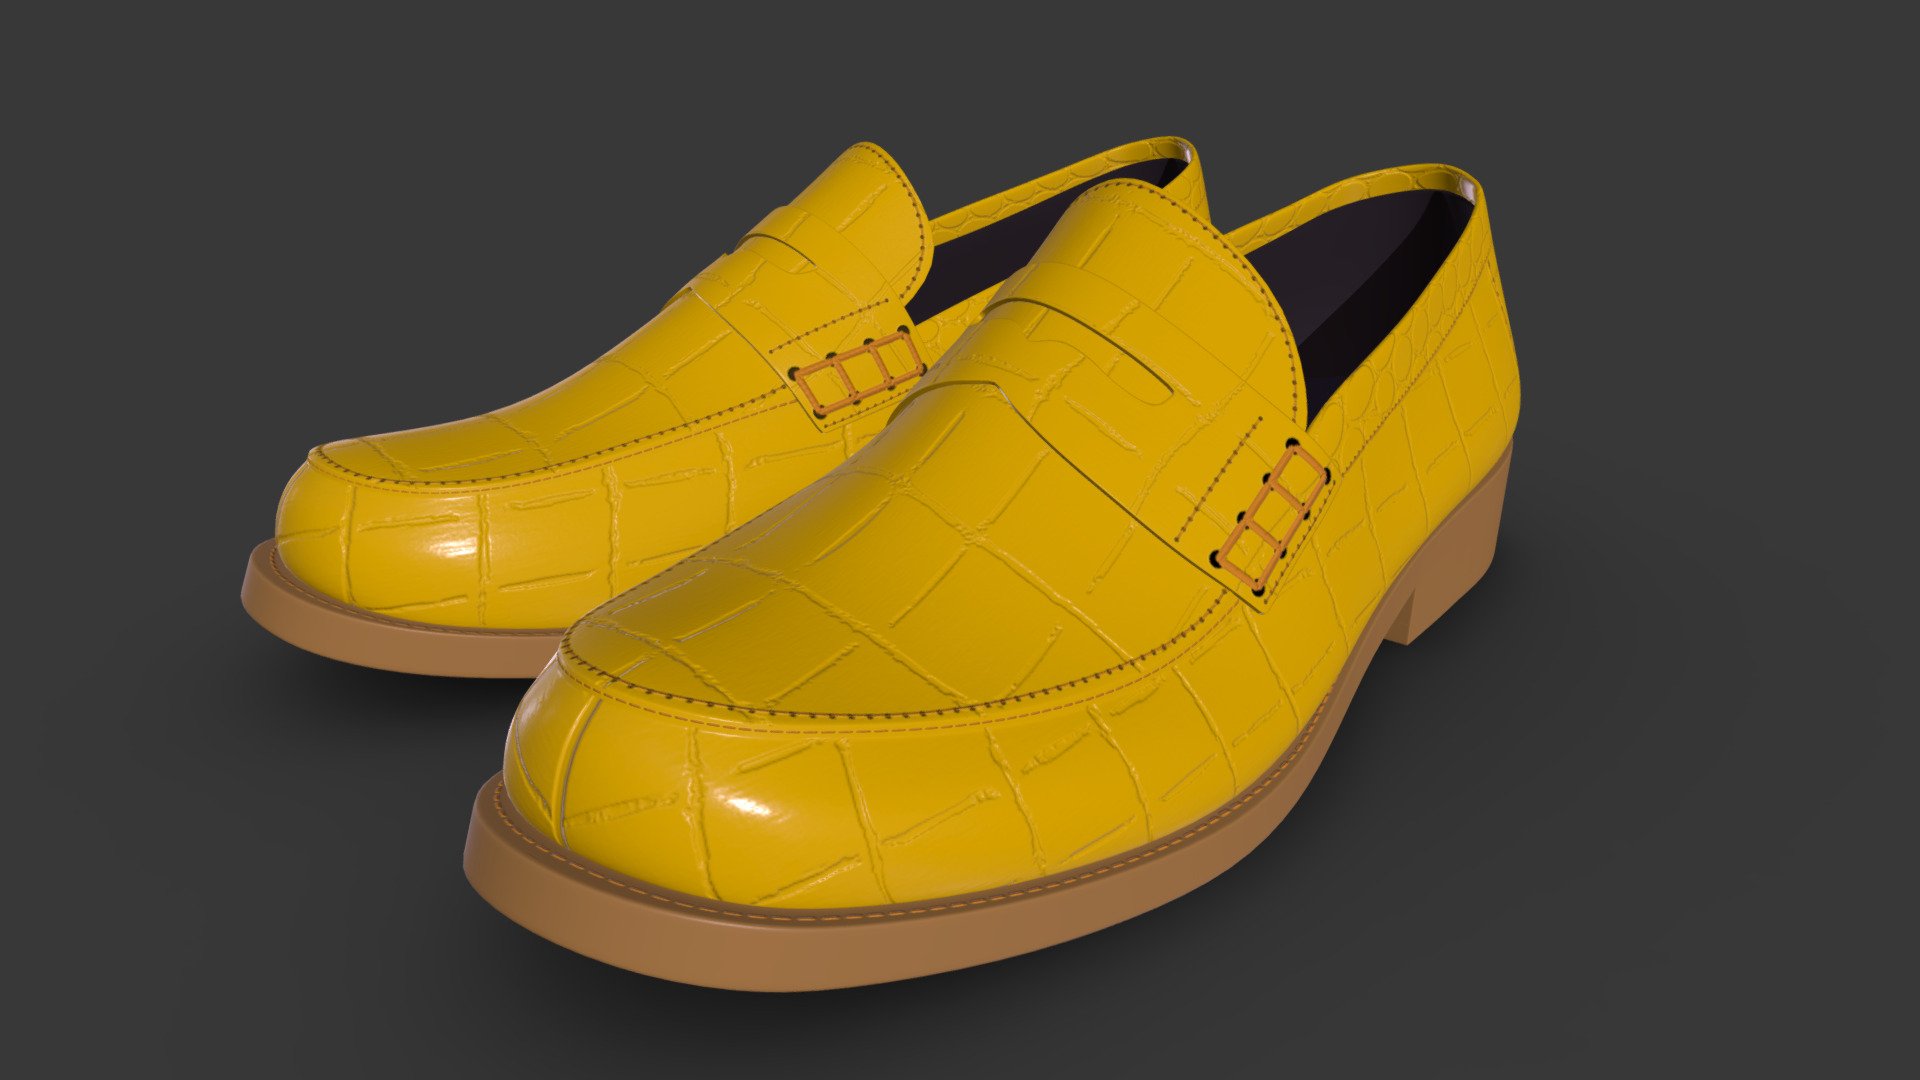 There is one funky song from USSR about Yellow Shoes. Maybe this song about this leather loafers shoes, made from crocodile skin. 

Also I added 4K textures to the additional files 3d model
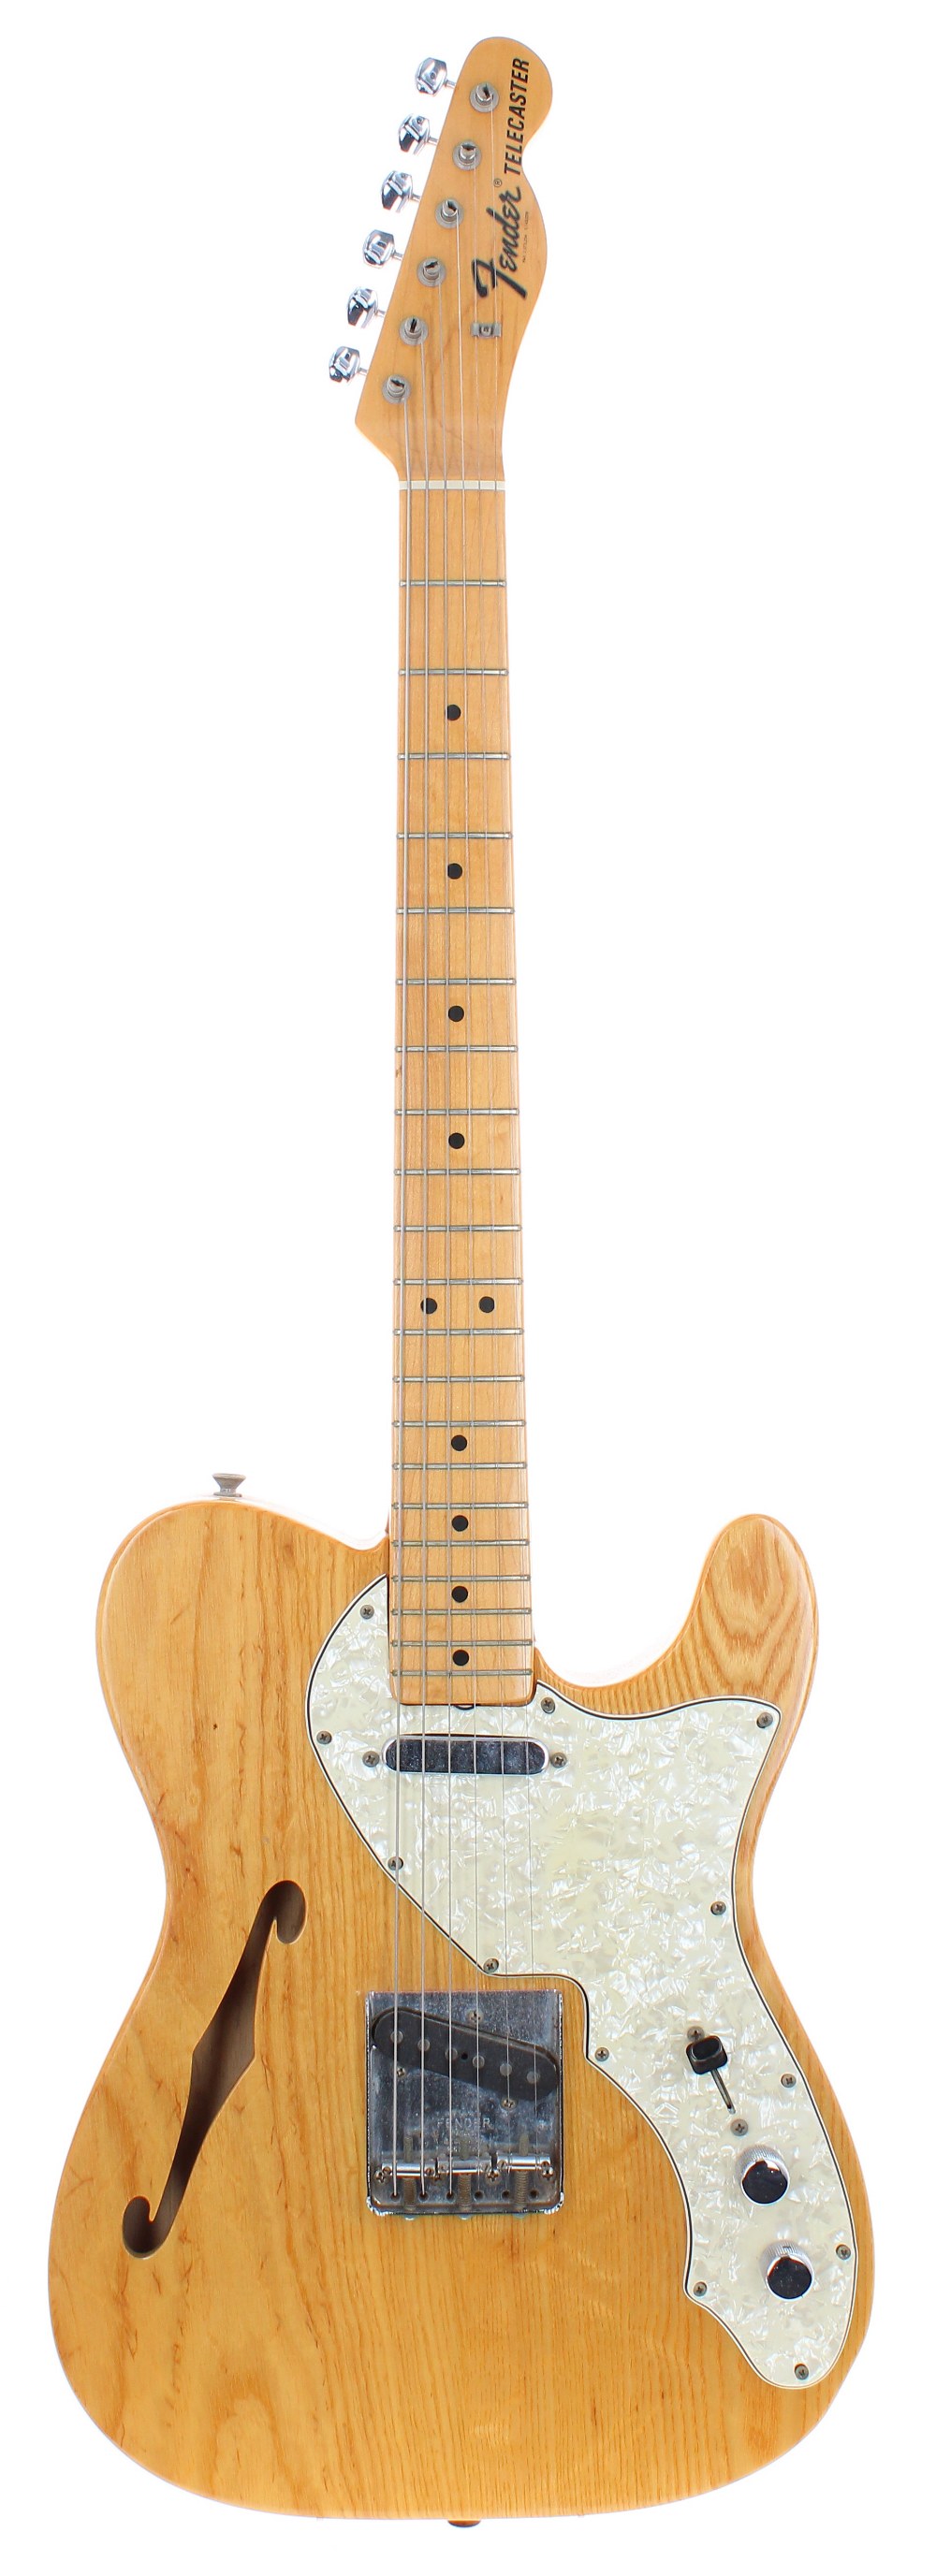 1968 Fender Telecaster Thinline Type 1 electric guitar, made in USA, ser. no. 2xxxx4; Finish:
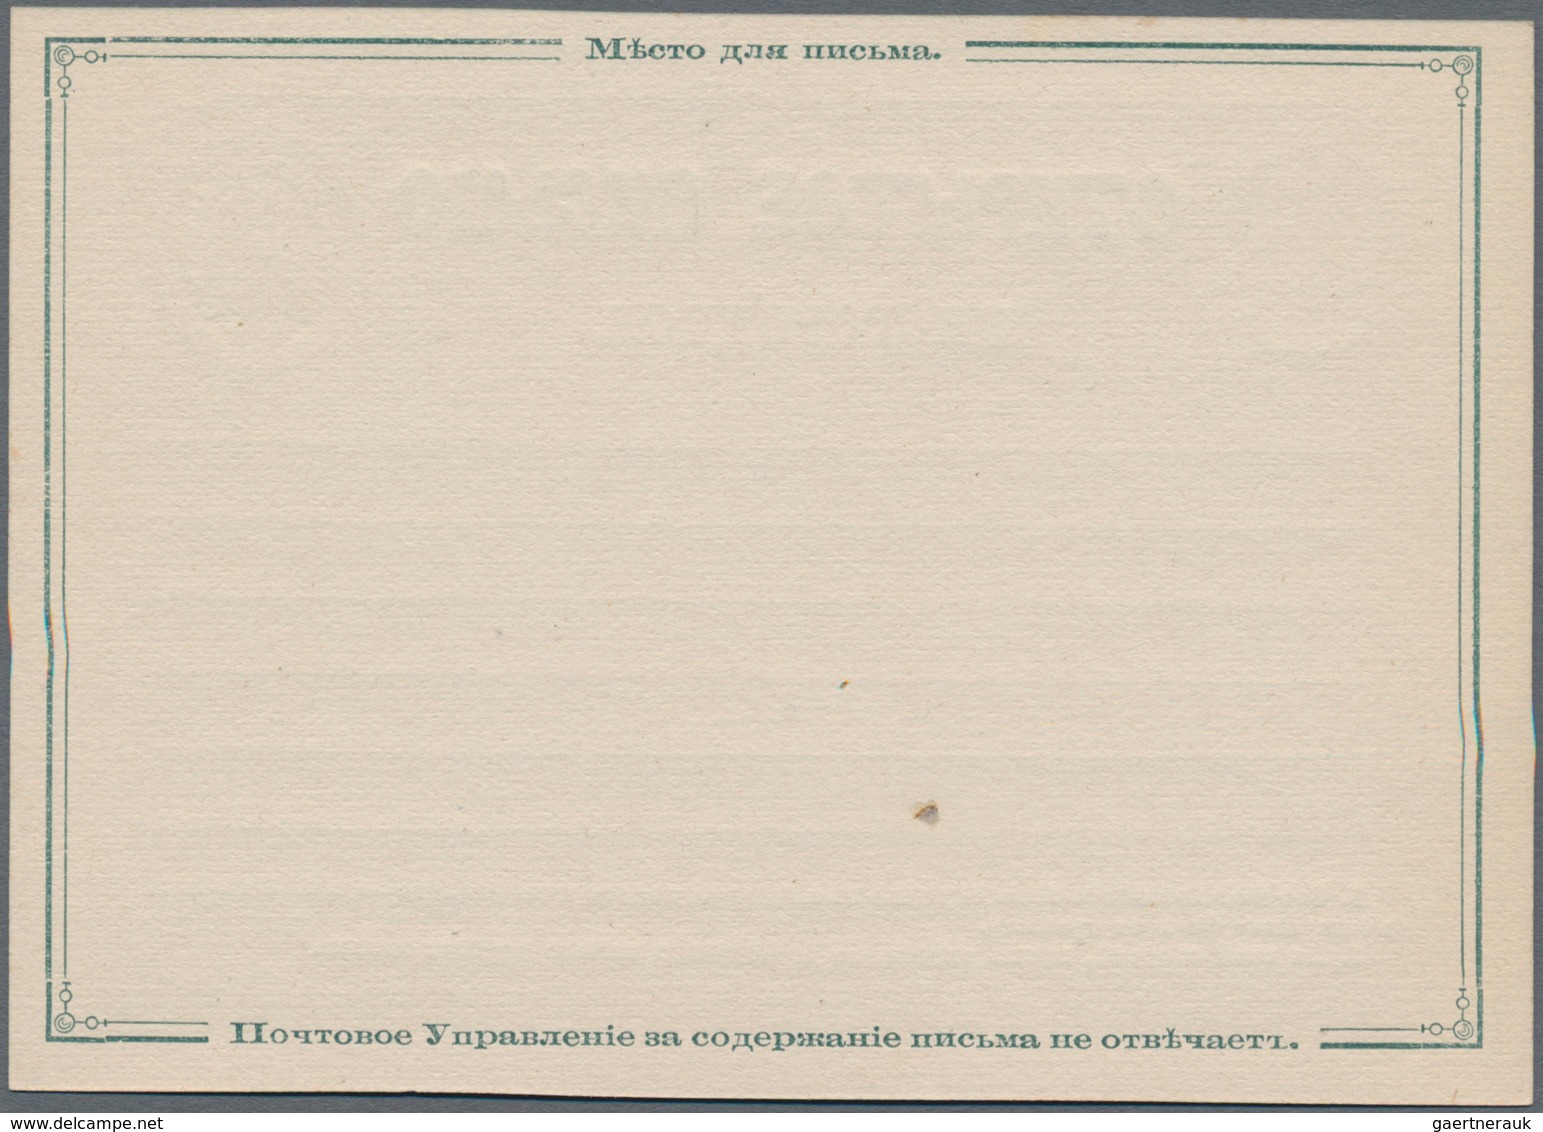 Russland - Ganzsachen: 1875 Unused Postal Stationery Card 4 Kop. Green On White, Variant With Clear - Stamped Stationery

_Work task_:
Where a picture appears in the data, omit it; restate the rest word for word.

_Solution for this task_:
 There is one funky song from USSR about Yellow Shoes. Maybe this song about this leather loafers shoes, made from crocodile skin. 

Also I added 4K textures to the additional files 3d model
 1968 Fender Telecaster Thinline Type 1 electric guitar, made in USA, ser. no. 2xxxx4; Finish:
 Russland - Ganzsachen: 1875 Unused Postal Stationery Card 4 Kop. Green On White, Variant With Clear - Stamped Stationery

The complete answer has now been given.